HOW TO COMPLETE THIS TASK
Once the line containing "No more DMV!" is found in the records below, return it and each following line exactly, up to and including the line containing "The Gold Edition", and nothing else.

MATERIAL SHOWN: Begin

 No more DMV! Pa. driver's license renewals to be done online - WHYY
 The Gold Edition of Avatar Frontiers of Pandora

MATERIAL SHOWN: End
MATERIAL SHOWN: Begin

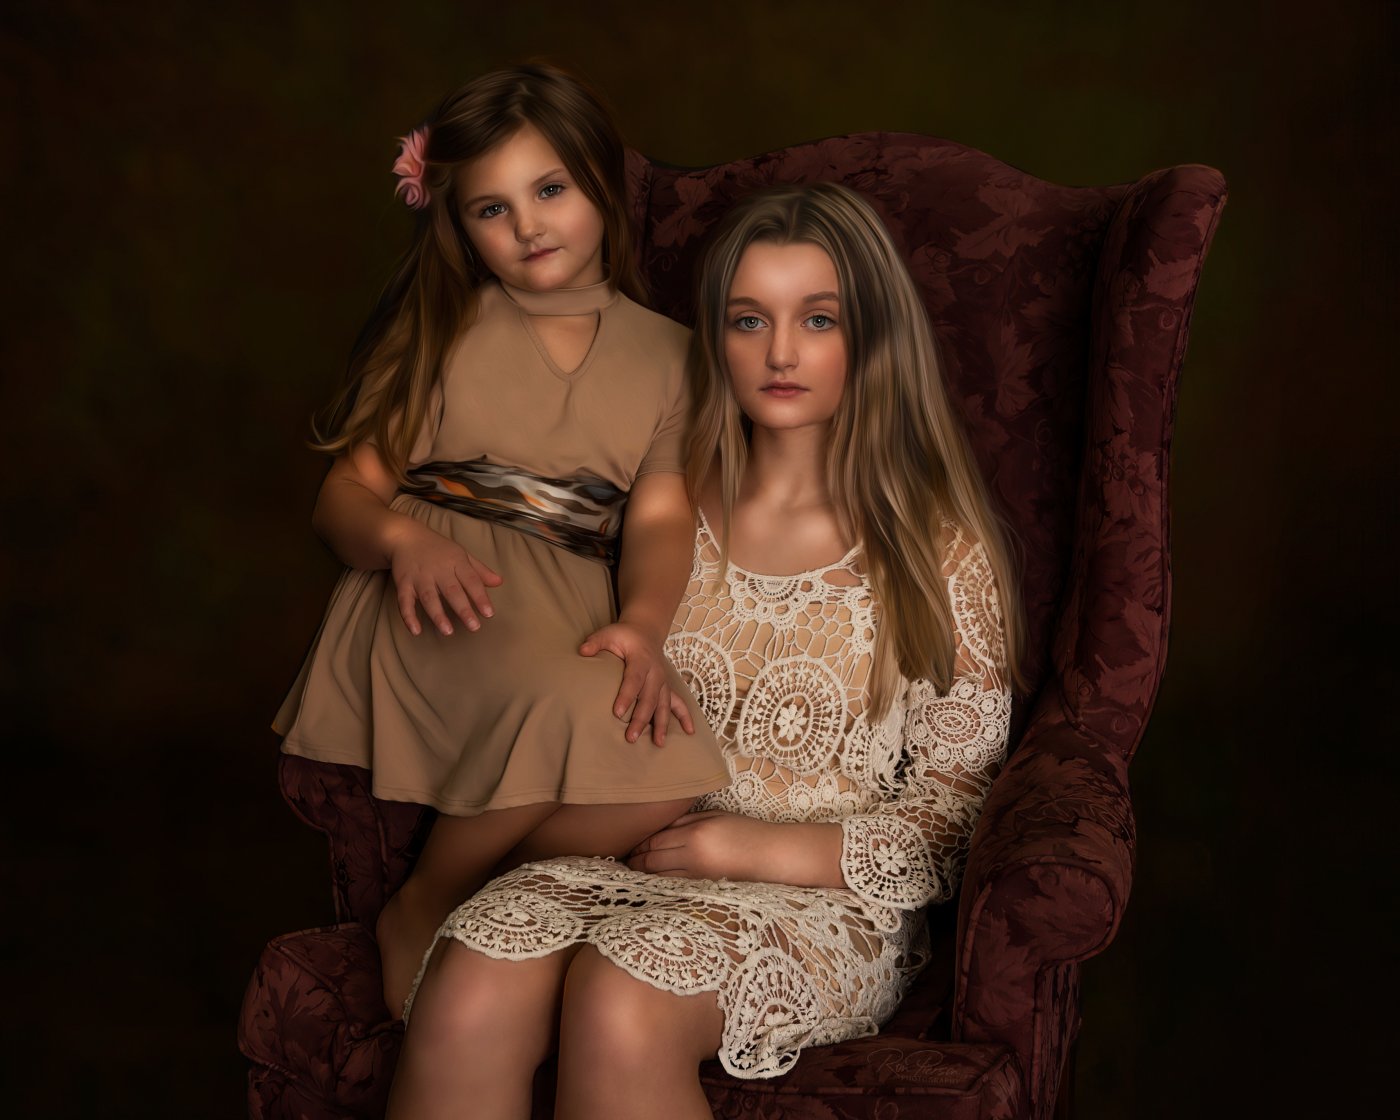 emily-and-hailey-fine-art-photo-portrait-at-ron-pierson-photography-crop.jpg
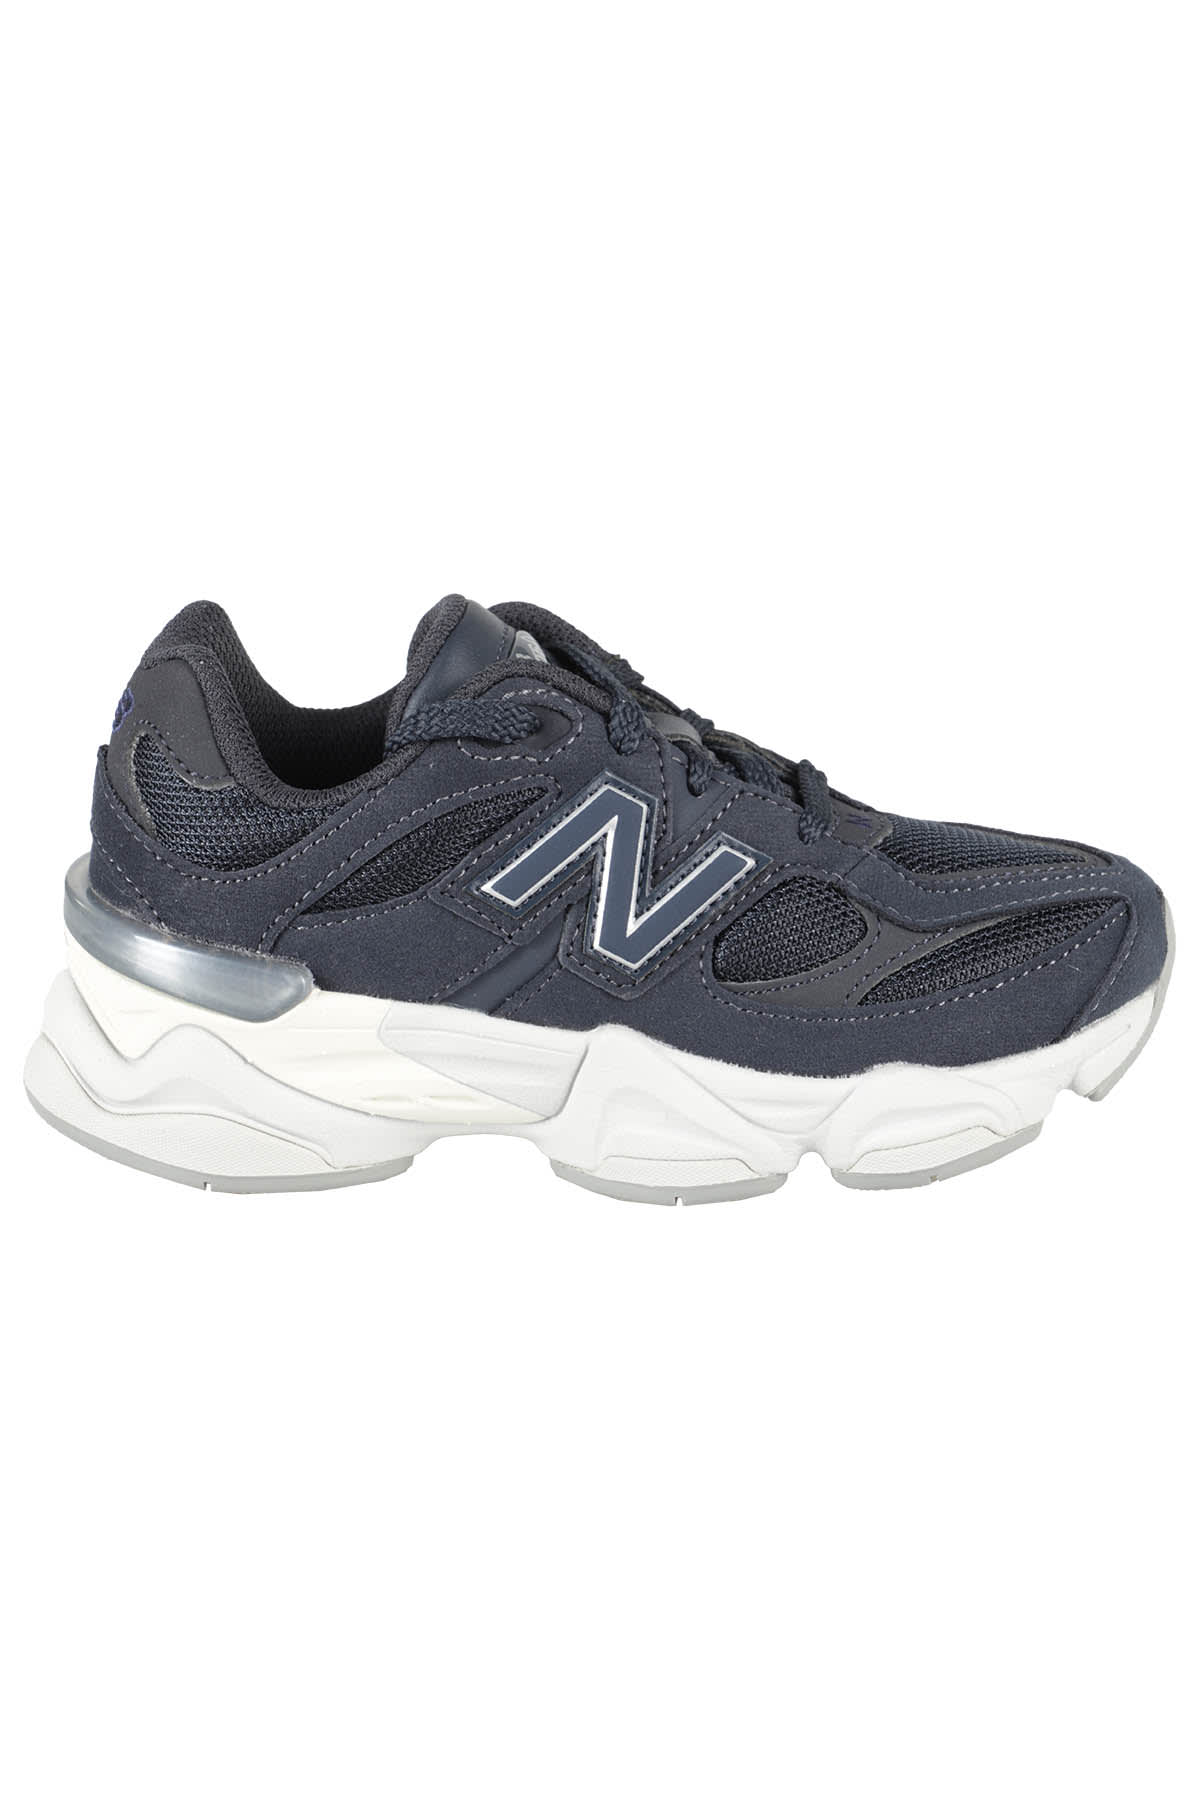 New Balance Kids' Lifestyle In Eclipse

MATERIAL SHOWN: End
MATERIAL SHOWN: Begin

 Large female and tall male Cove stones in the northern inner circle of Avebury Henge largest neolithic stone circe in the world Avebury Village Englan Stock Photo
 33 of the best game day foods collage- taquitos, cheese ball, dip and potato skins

MATERIAL SHOWN: End

SOLUTION TO THIS PROBLEM
 No more DMV! Pa. driver's license renewals to be done online - WHYY
 The Gold Edition of Avatar Frontiers of Pandora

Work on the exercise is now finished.